– Скоро, – уклонился от точного ответа Артём.
– Хорошо, – Кайдумат махнул рукой. Его воины отхлынули, открыв путь к киевским воротам.
А затем большой хан отдал команду – и печенеги вразброд поскакали к своему стану.
Тем не менее дружинники Претича к воротам не поспешили. Сначала вытянули лодьи на песок, потом собрали свой скарб и лишь после этого не спеша двинулись по натоптанному пути к воротам стольного града.
«Нет, – решил Кайдумат. – Пока не уйду. Пошлю разведчиков вниз по Днепру. Если плывут лодьи князя – тогда и уйду. Снимется орда – ищи ветра в поле. На лодьях по степи не поскачешь. А ежели соврал хитрый рус – Киев мне за обман двойной данью поклонится».
* * *
Когда приплывшие воины высадились на берег, в Киеве испугались, потому что совсем мало их было.

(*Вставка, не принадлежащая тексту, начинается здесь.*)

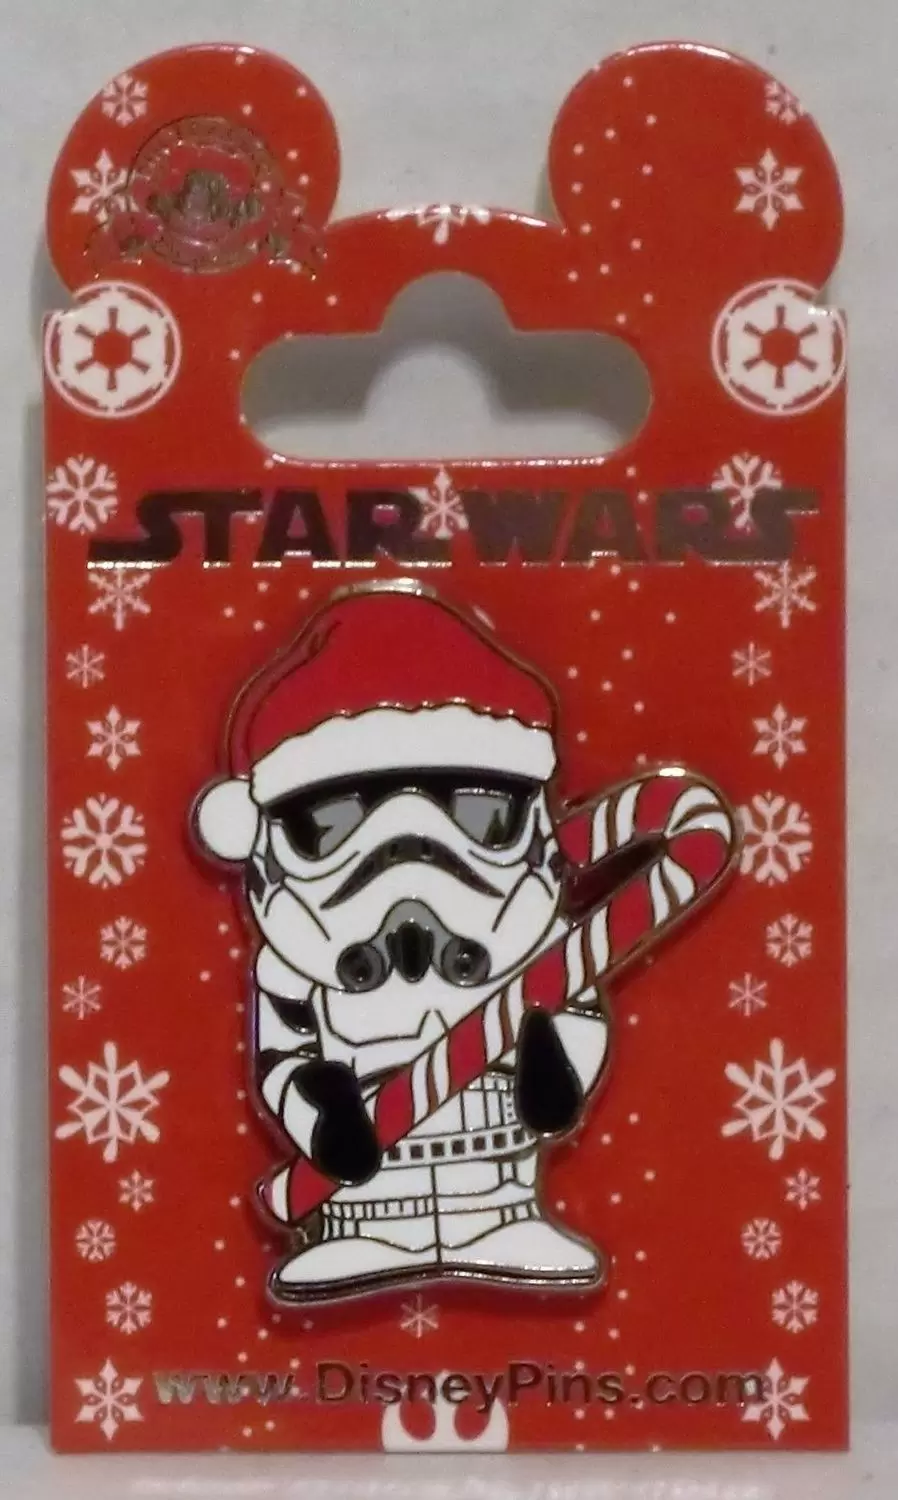 Disney Pins Open Edition - Stormtrooper Candy Cane

Но обошлось. Не тронули их печенеги. Более того, увидели смотревшие со стен, что степняки готовятся уйти: снимают шатры, грузят утварь в кибитки. Увидели – и возликовали.
Но опять – рано.
Степняки снялись, да не совсем. Отошли немного – и стали вдоль речки Лыбеди.
– Ждут: придет мой сын или нет, – сказала княгиня Ольга, прежде того выслушавшая рассказ Претича и Артёма.
– Пойдем, сотник, – сказала она Артёму. – Поговорим.
Кроме княгини, в покоях присутствовали оба княжича.
Младший, Олег, скучал. Старший, напротив, выглядел взволнованным.
– Почему мне ничего не сказал? – строго спросила Ольга.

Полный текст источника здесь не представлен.